* DATASET *
+ + + +
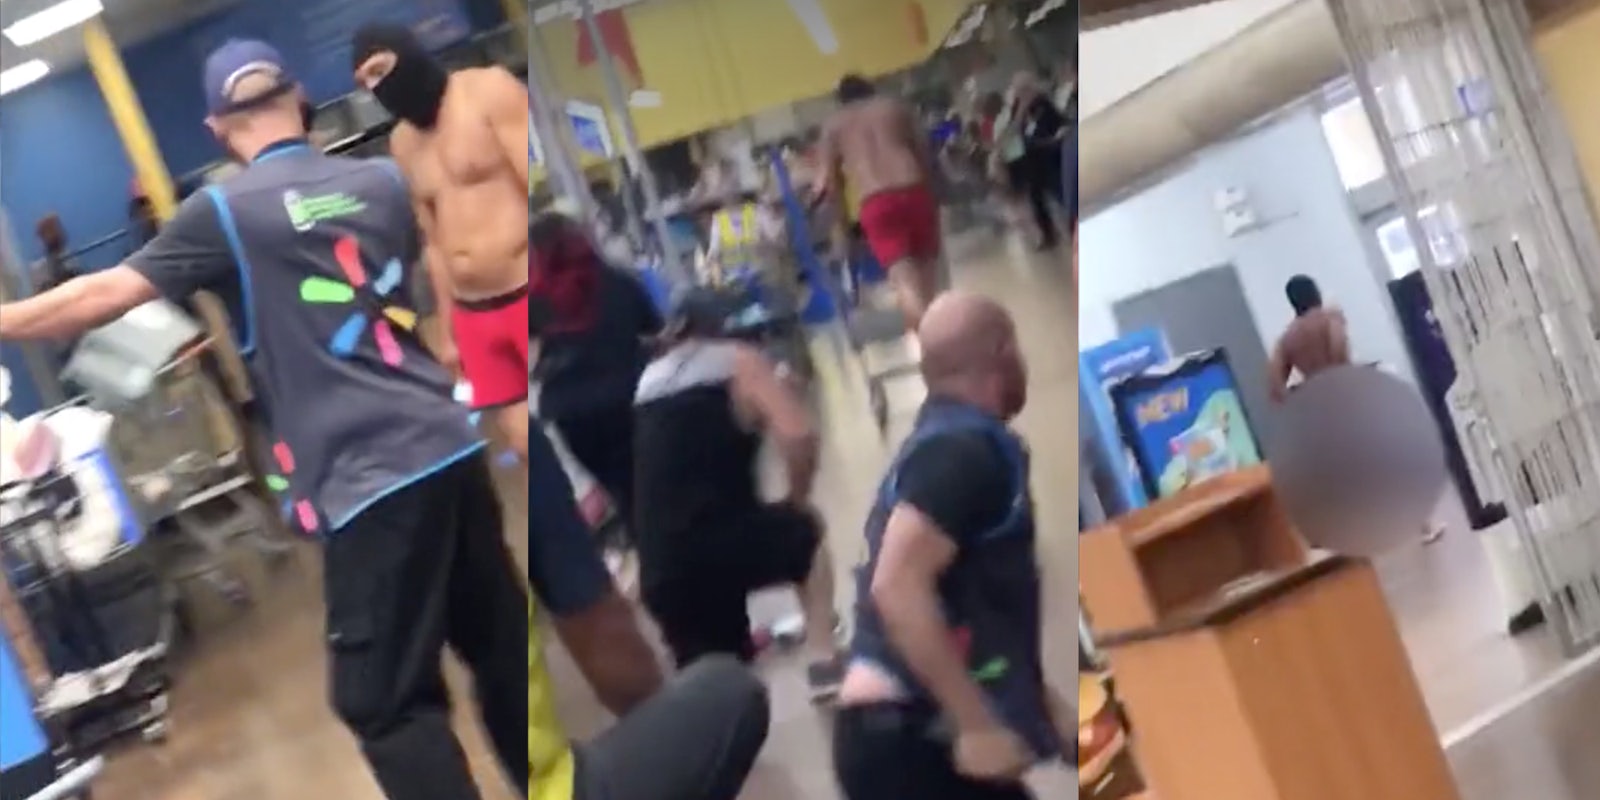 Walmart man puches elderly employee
+ + + +
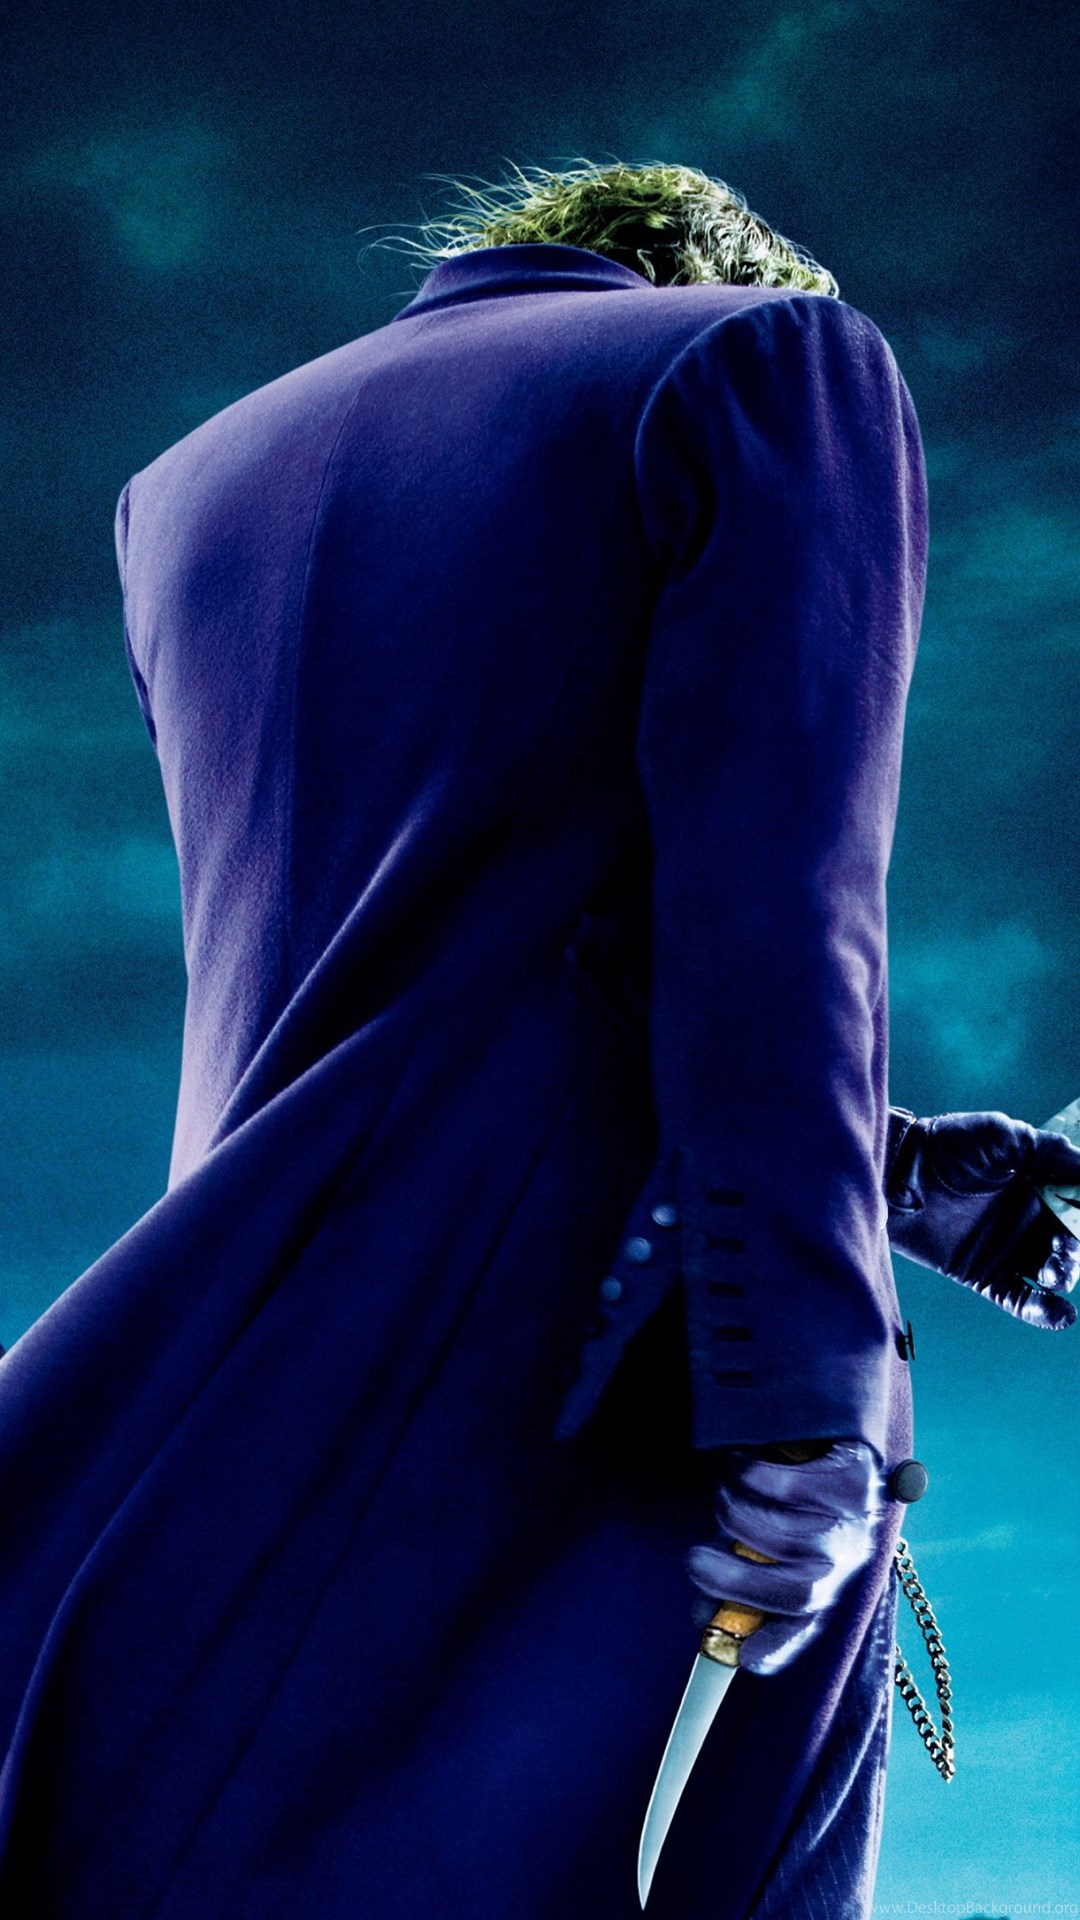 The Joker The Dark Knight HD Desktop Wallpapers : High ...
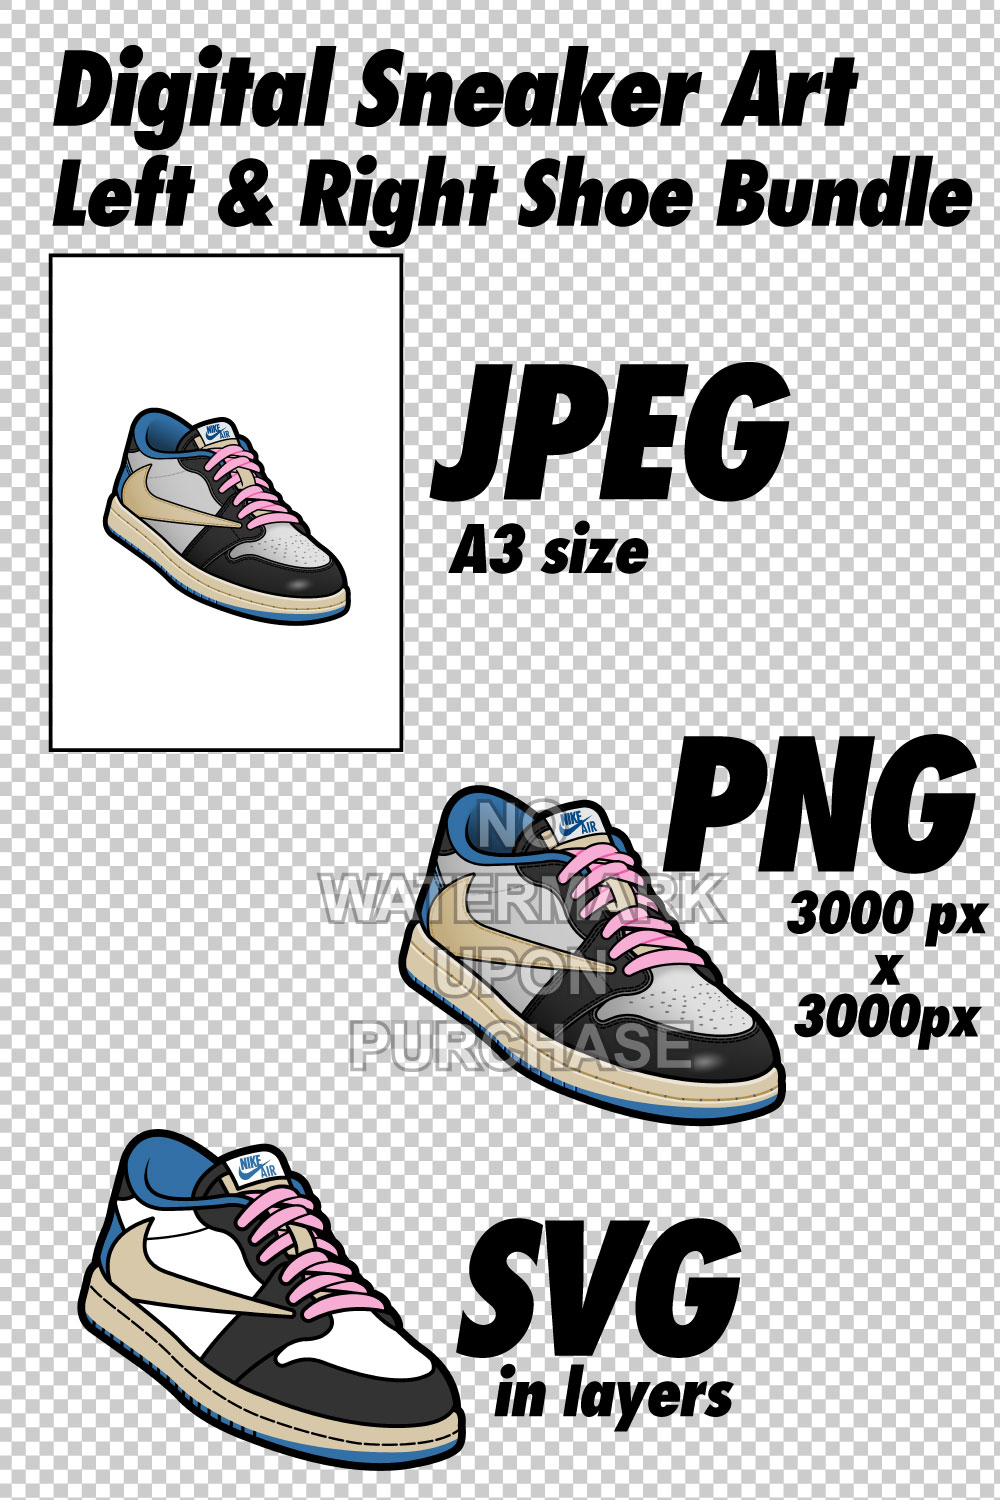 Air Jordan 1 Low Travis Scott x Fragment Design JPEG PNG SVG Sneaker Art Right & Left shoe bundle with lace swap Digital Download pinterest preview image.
+ + + +
* YOUR ASSIGNMENT *
For this exercise, return exactly the lines above from the line with "The Joker The" through the line with "Air Jordan 1", both included. Do not copy the pictures.

* OUTPUT OF THE TASK *
 The Joker The Dark Knight HD Desktop Wallpapers : High ...
 Air Jordan 1 Low Travis Scott x Fragment Design JPEG PNG SVG Sneaker Art Right & Left shoe bundle with lace swap Digital Download pinterest preview image.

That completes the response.